Project Page | Paper | Checkpoints | OpenDV Poses | Docker | Inference | Training
Controllable driving-video generation with motion and appearance decoupling.
MAD-LTX generates driving videos from a first frame, a text prompt, and optional structured controls such as ego motion, object motion, semantic segmentation, or HD maps. The method first predicts an intermediate motion representation, then conditions a second LTX-Video model on that motion video to generate the final RGB video.
- Config-driven inference for the released MAD-LTX LoRA checkpoints.
- Training configs and latent-caching scripts for reproducing the main OpenDV LoRA models.

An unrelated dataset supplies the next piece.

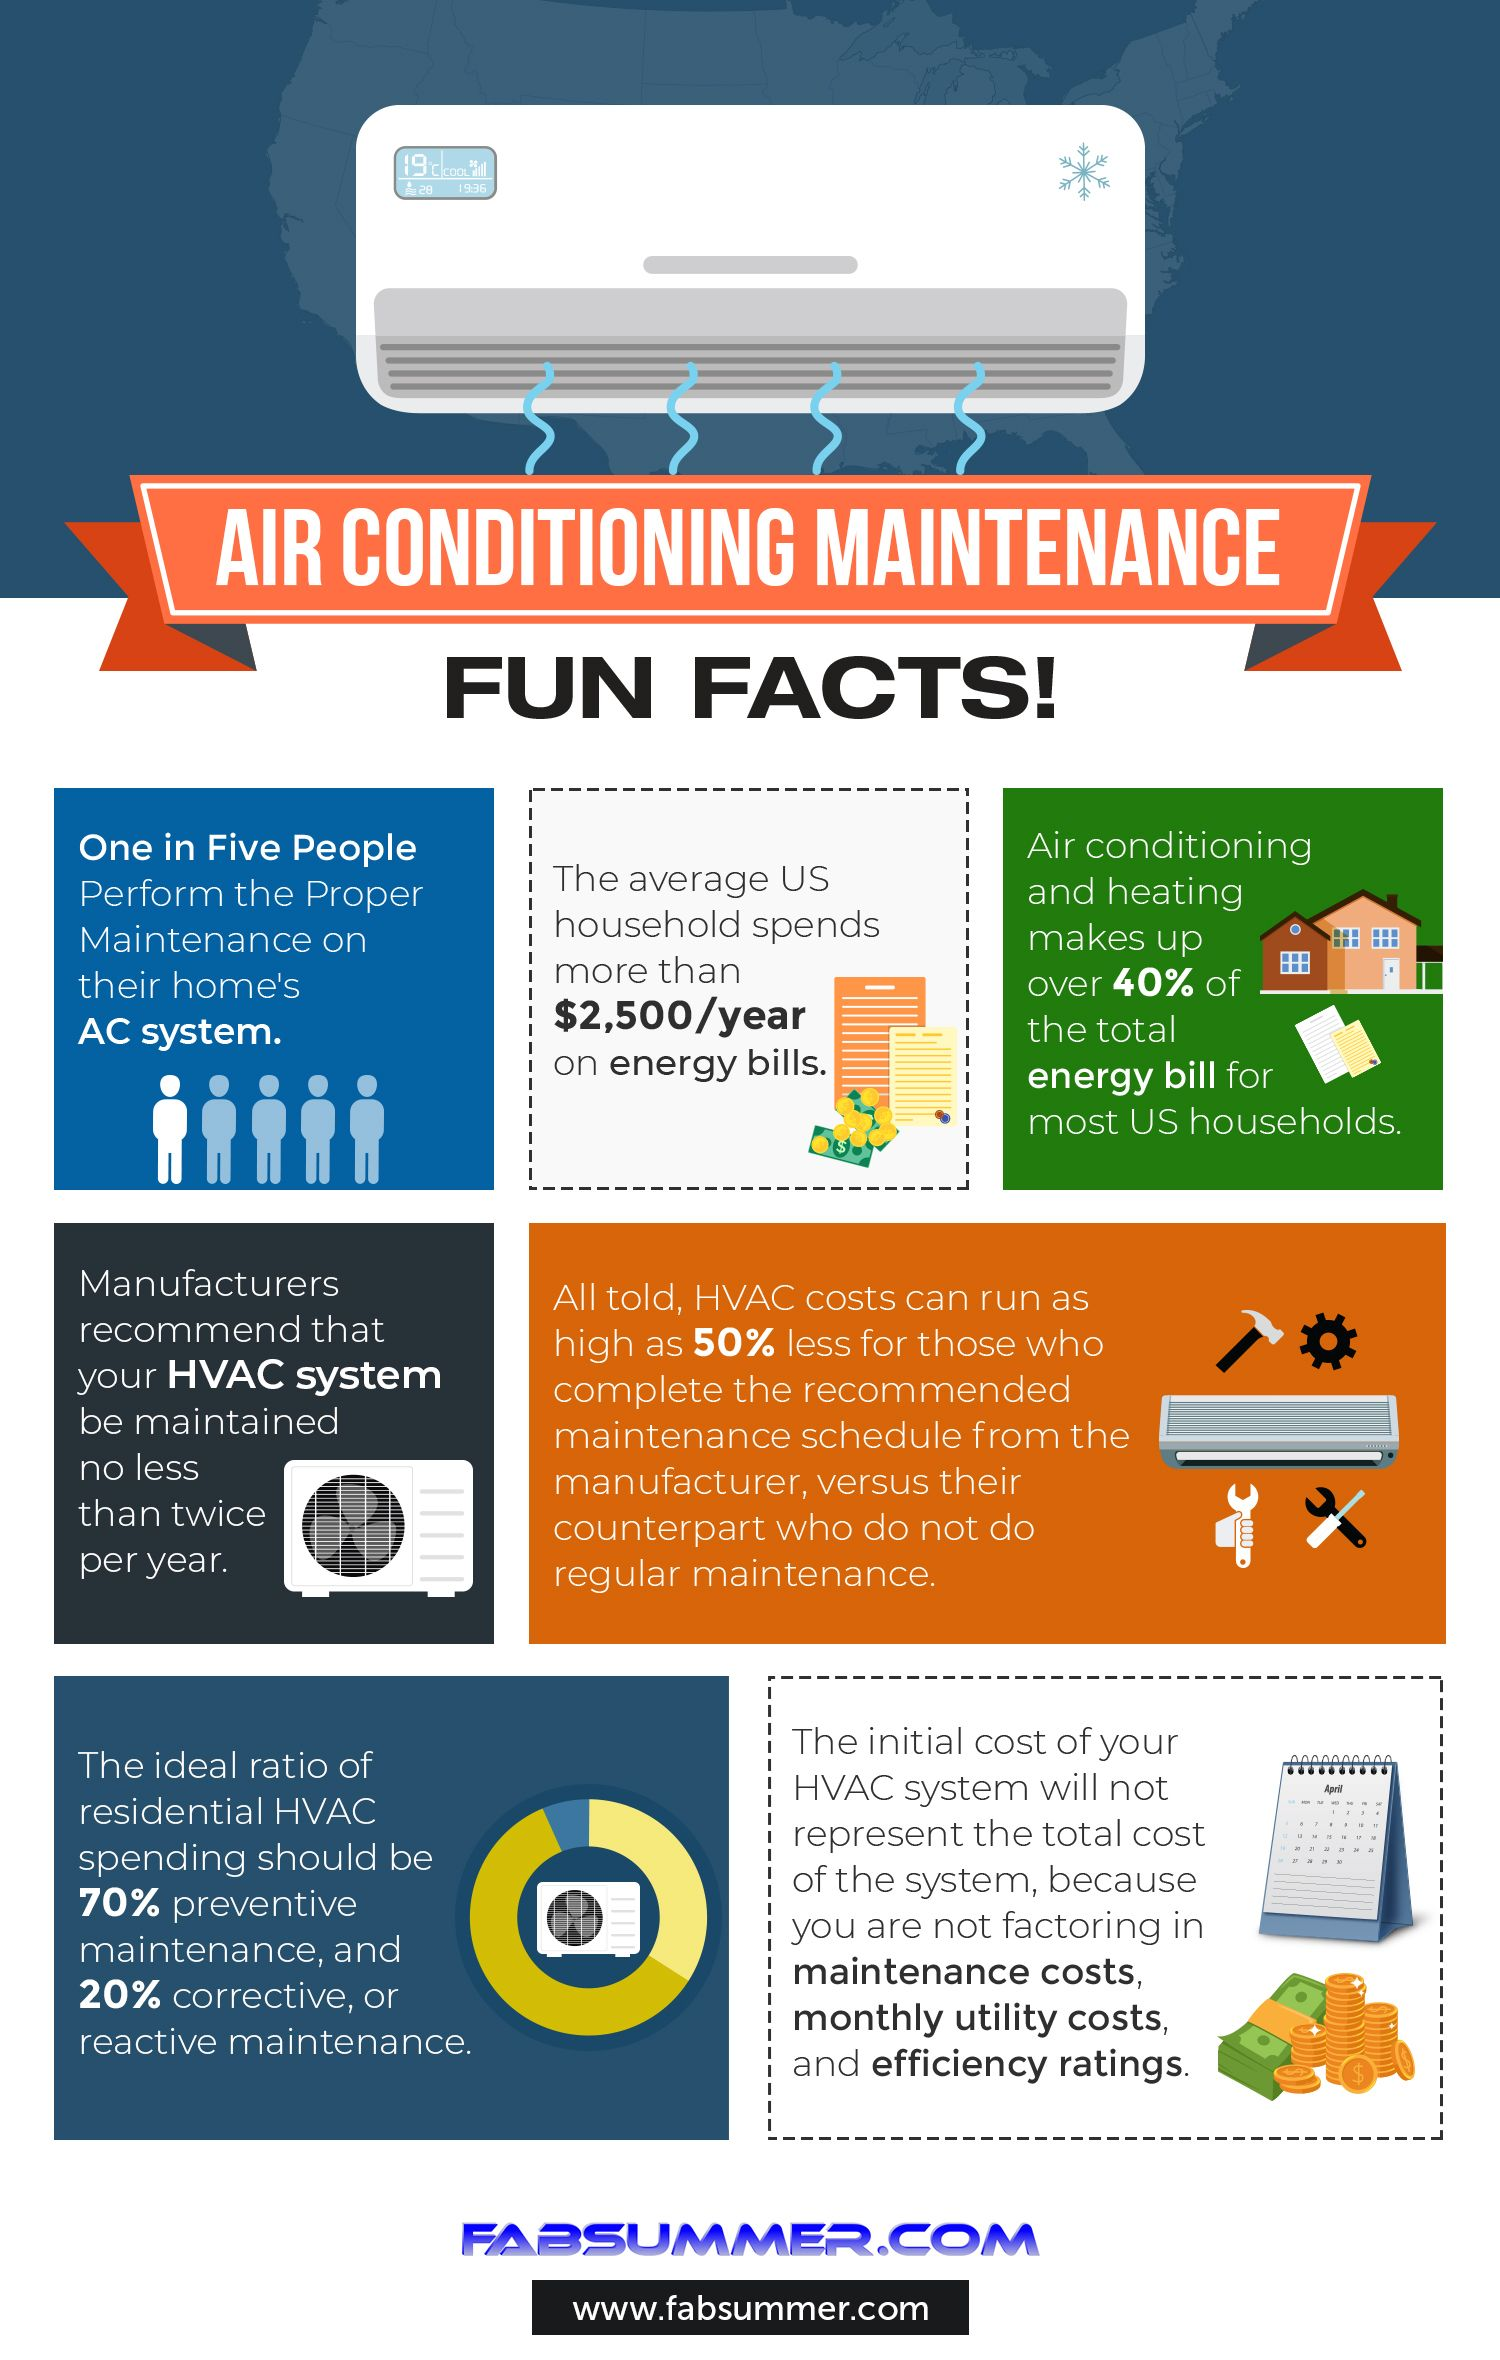 Air Conditioning Maintenance Fun Facts! Air

- Minimal retained utilities for ego-motion control rendering and panoptic-control coloring.
- Evaluation entrypoints for video quality and control-following metrics.
The tested environment is captured in Dockerfile. You can build it locally:
docker build -t mad-ltx -f Dockerfile .or start from the published image:
docker pull ahparyald/mad-ltxIf you prefer a native conda or pip setup, use the package list in the Dockerfile as the reference environment for both training and inference.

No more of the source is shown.